The commission was set up in response to the co-operative movement experiencing its first ever halt in its growth, caused by the massive changes in retailing following the end of rationing and the beginning of self-service. The co-operative movement still had a large presence in the retail market, with 30,000 shops, 250 factories and 967 retail societies paying dividends to their customer members of over £40m a year. However, these payments were often made at the expense of retained capital, and there was growing concern about the movements ability to fund its future development. There was also concern about the movement's market share, with 1957 seeing the co-operative share at 11.62% whilst the new supermarkets - luring customers away with competitive prices the movement's structure wouldn't allow it to match - had a 25% share.

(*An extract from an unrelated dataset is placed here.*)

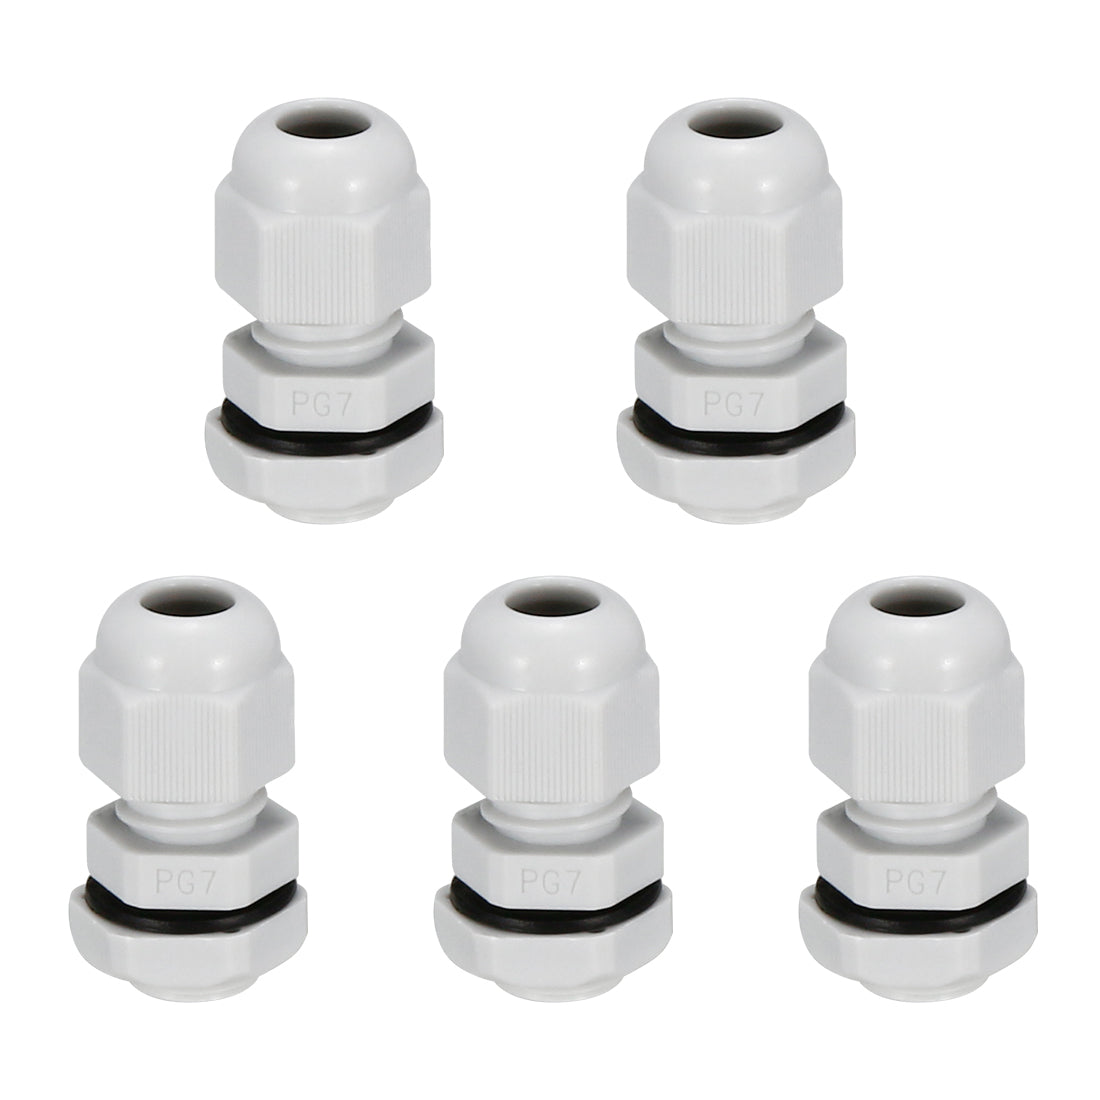 uxcell Uxcell 5Pcs PG7 Cable Gland Waterproof Plastic Joint Adjustable Locknut White for 3mm-6.5mm Dia Cable Wire

Over nearly three years, the Gaitskell Commission held 35 meetings, carried out visits and launched formal and informal consultations before publishing its final report in 1958. The report made 51 recommendations on a variety of issues, including recommending that society's start selling products at market prices and stop expecting the dividend to compensate for high prices, whilst its final recommendation was that the movement should hold similar reviews "at least once a decade": this went unheeded until the 2000 commission was established.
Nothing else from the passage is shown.